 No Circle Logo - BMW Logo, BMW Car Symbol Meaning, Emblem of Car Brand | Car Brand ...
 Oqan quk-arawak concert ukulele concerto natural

----

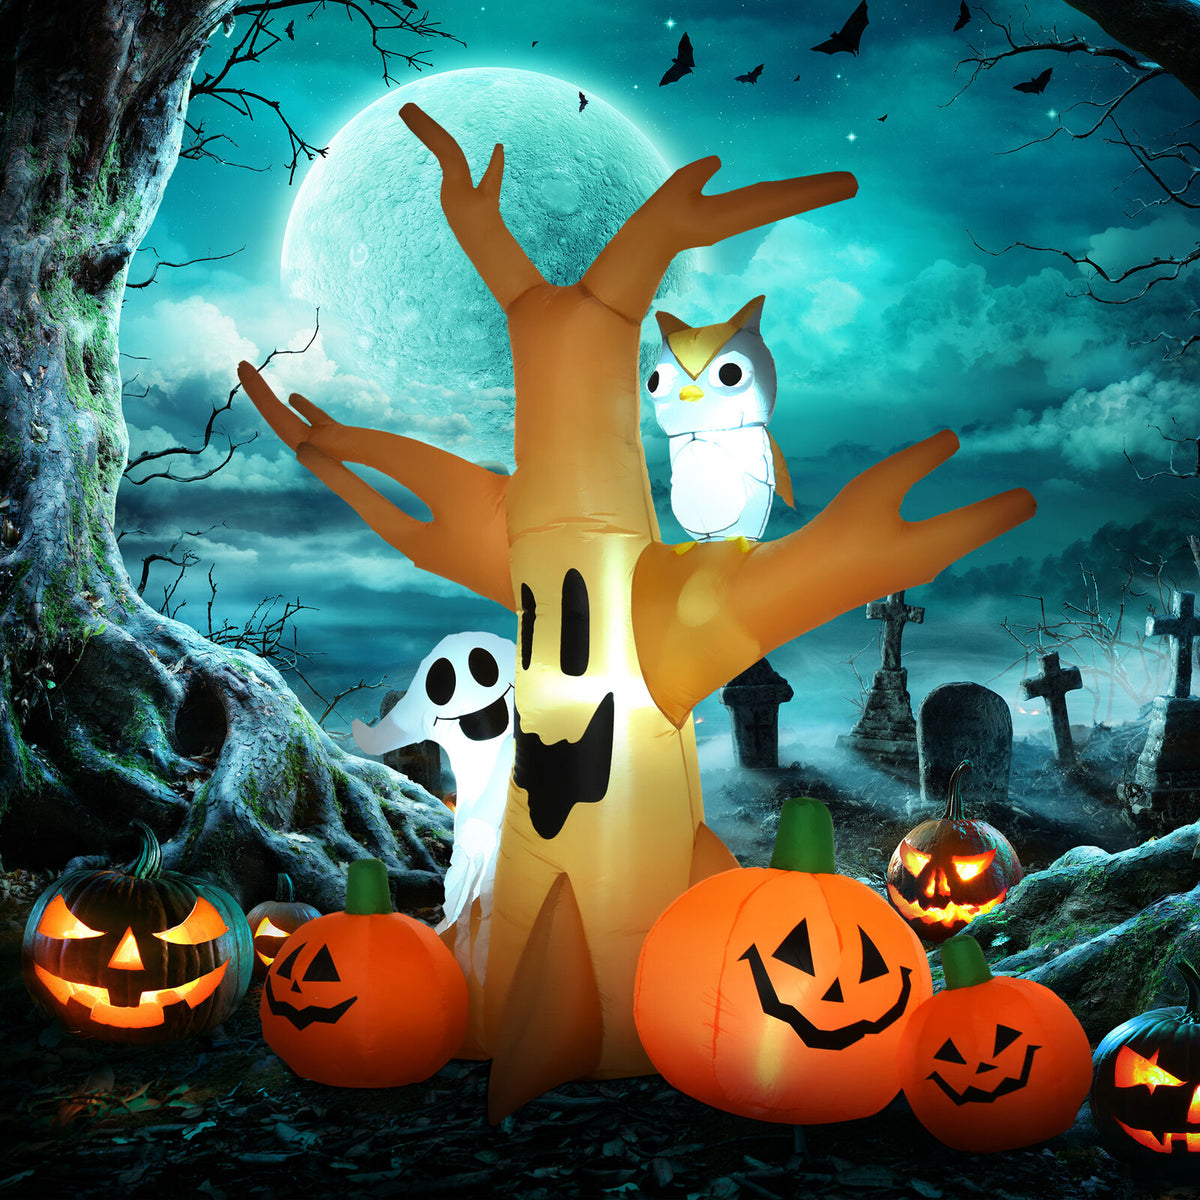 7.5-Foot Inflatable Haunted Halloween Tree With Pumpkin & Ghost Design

----

Work request >>
The range runs from the line with "No Circle Logo" up to and including the line with "Oqan quk-arawak concert" in the listing above; please write out exactly those lines and nothing more.

Worked solution >>
 No Circle Logo - BMW Logo, BMW Car Symbol Meaning, Emblem of Car Brand | Car Brand ...
 Oqan quk-arawak concert ukulele concerto natural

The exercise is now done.